Query a chat model
A new Unity AI Gateway experience is available in Beta. The new Unity AI Gateway is the enterprise control plane for governing LLM endpoints and coding agents with enhanced features. See Unity AI Gateway.
In this article, you learn how to write query requests for foundation models that are optimized for chat and general purpose tasks and served by Unity AI Gateway.
Genie Code (Agent mode) can do this for you. Try this example prompt:
Query the databricks-claude-sonnet-4-5 chat model using the OpenAI client. Send a system prompt and a user question, and print the response.
The examples in this article apply to querying foundation models that are made available using either:
- Foundation Models APIs which are referred to as Databricks-hosted foundation models.
- External models which are referred to as foundation models hosted outside of Databricks.
Requirements
- See Requirements.
- Install the appropriate package to your cluster based on the querying client option you choose.
Query examples
The following examples are based on Unity AI Gateway and model services. If you use model serving endpoints instead of model services, replace the model service name with an endpoint name. See Databricks-hosted foundation models available in Foundation Model APIs for a list of available foundation models and their model service and endpoint names.

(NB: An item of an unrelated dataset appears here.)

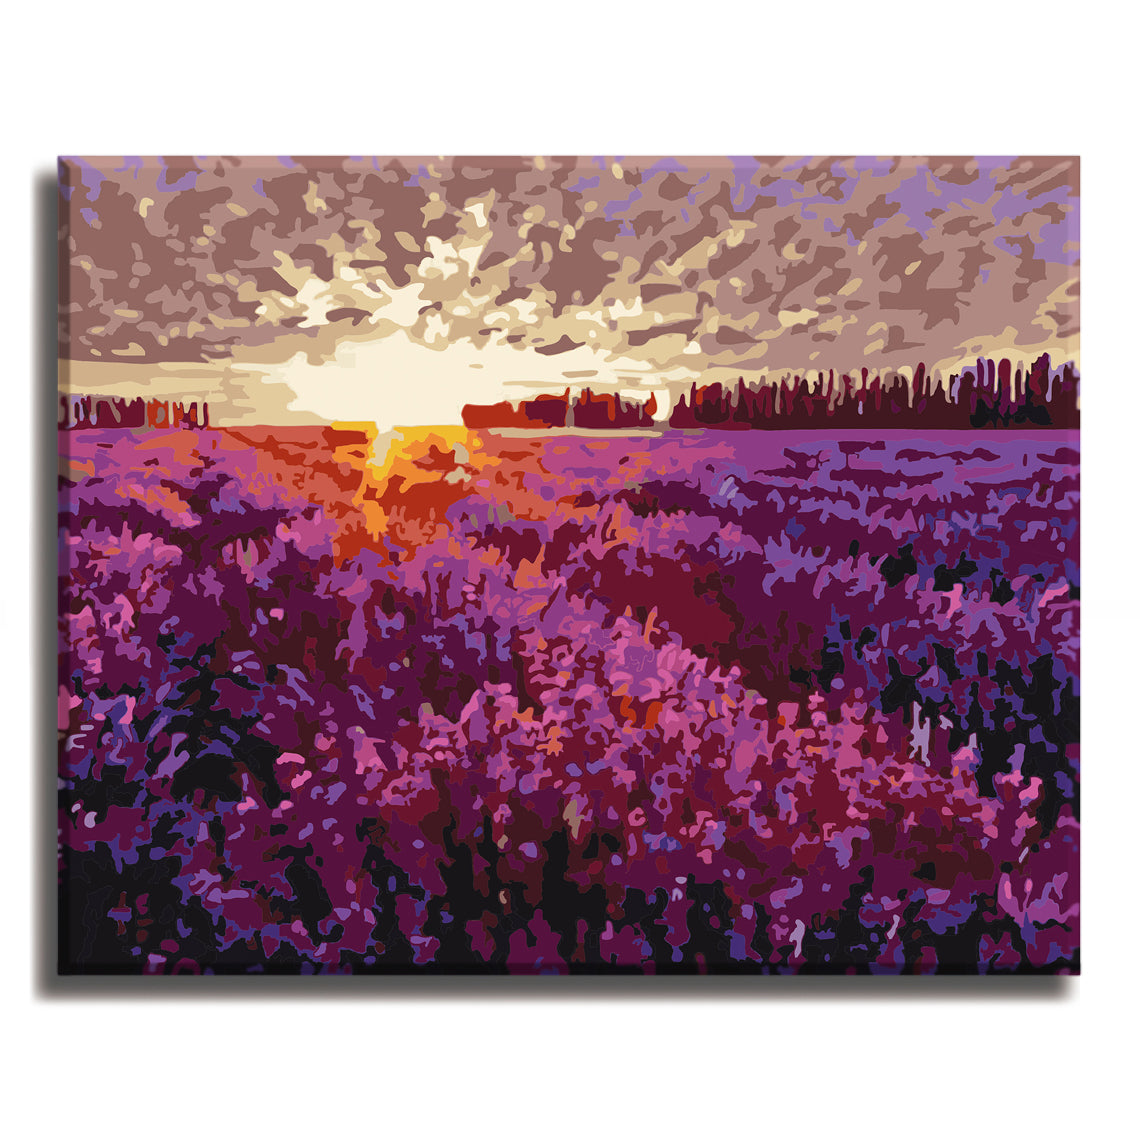 Adbrain Flowery Fields, Set of 4 Paint-by-Number Kit

The examples in this section show how to query a Foundation Model API pay-per-token model service using the different client options.
For a batch inference example, see Enrich data using AI Functions.
- OpenAI Chat Completions
- OpenAI Responses
- SQL
- REST API
- MLflow Deployments SDK
- Databricks Python SDK
- LangChain
To use the OpenAI client, specify the model service name as the model input.

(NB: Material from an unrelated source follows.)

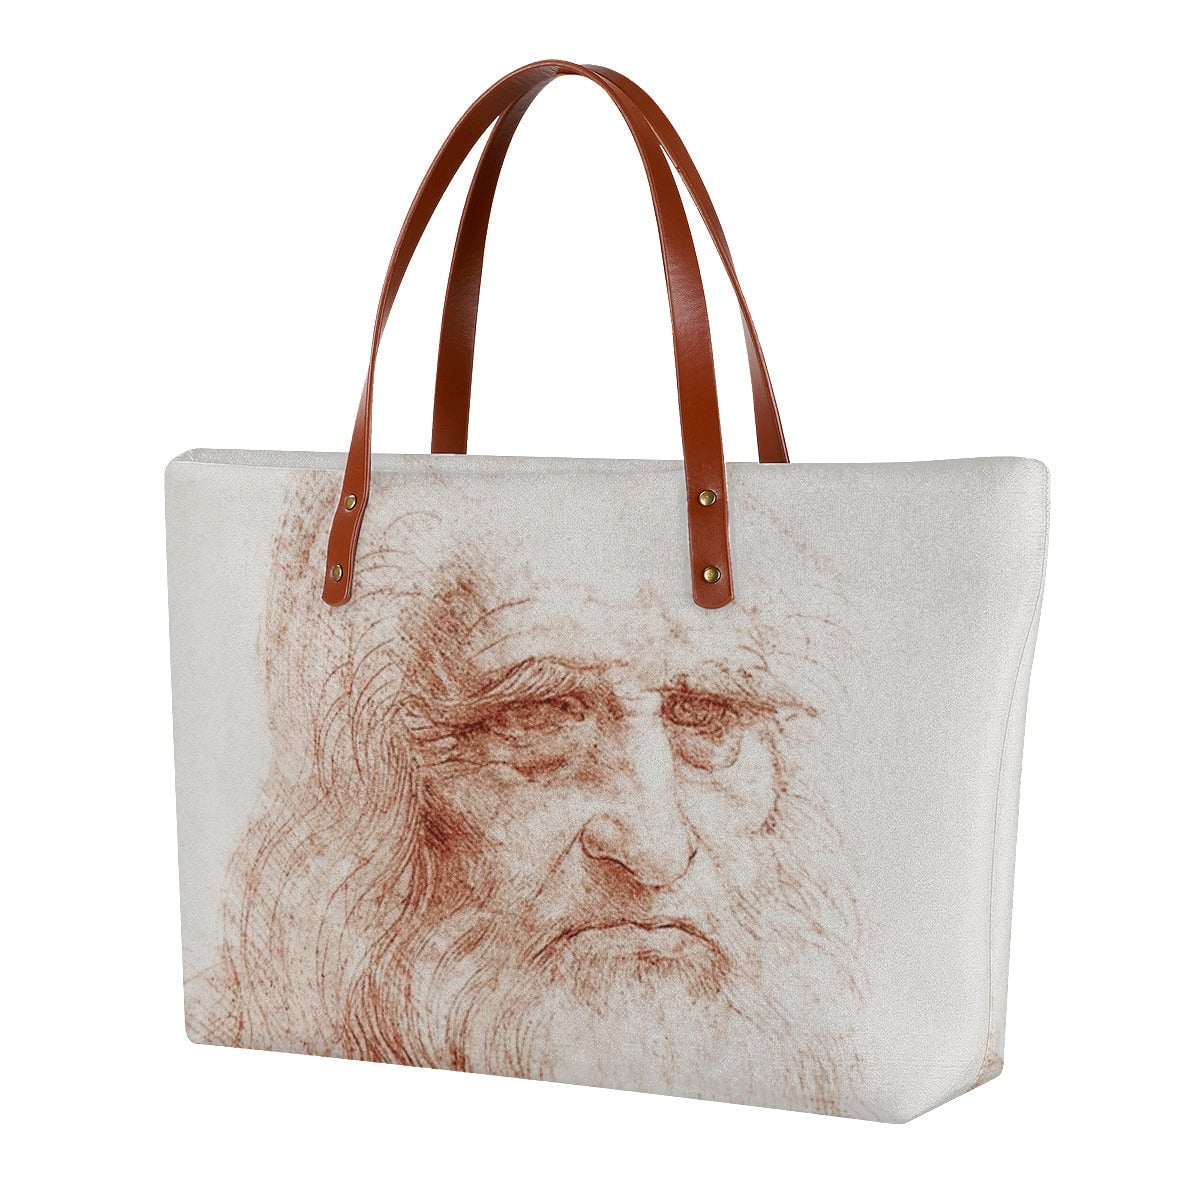 Leonardo da Vinci’s Self-portrait Art Tote Bag

from databricks_openai import DatabricksOpenAI
client = DatabricksOpenAI()
response = client.chat.completions.create(
model="system.ai.claude-sonnet-4-5",
messages=[
{
"role": "system",
"content": "You are a helpful assistant."
},
{
"role": "user",
"content": "What is a mixture of experts model?",
}
],
max_tokens=256
)
To query foundation models outside of your workspace, you must use the OpenAI client directly. You also need your Databricks workspace instance to connect the OpenAI client to Databricks. The following example assumes you have a Databricks API token and openai installed on your compute.
import os
import openai
from openai import OpenAI
client = OpenAI(
api_key="dapi-your-databricks-token",
base_url="https://example.staging.cloud.databricks.com/ai-gateway/mlflow/v1"
)
response = client.chat.completions.create(
model="system.ai.claude-sonnet-4-5",
messages=[
{
"role": "system",
"content": "You are a helpful assistant."
},
{
"role": "user",
"content": "What is a mixture of experts model?",
}
],
max_tokens=256
)
As an example, the following is the expected request format for a chat model when using the REST API. For external models, you can include additional parameters that are valid for a given provider and endpoint configuration. See Additional query parameters.
{
"messages": [
{
"role": "user",
"content": "What is a mixture of experts model?"
}
],
"max_tokens": 100,
"temperature": 0.1
}
The following is an expected response format for a request made using the REST API:
{
"model": "databricks-claude-sonnet-4-5",
"choices": [
{
"message": {},
"index": 0,
"finish_reason": null
}
],
"usage": {
"prompt_tokens": 7,
"completion_tokens": 74,
"total_tokens": 81
},
"object": "chat.completion",
"id": null,
"created": 1698824353
}
This section covers the OpenAI Responses API, a native passthrough that supports the full set of OpenAI Responses parameters for OpenAI models. To use the Responses request format with Anthropic Claude, Google Gemini, or Databricks-hosted open models, see Query a model with the Open Responses API.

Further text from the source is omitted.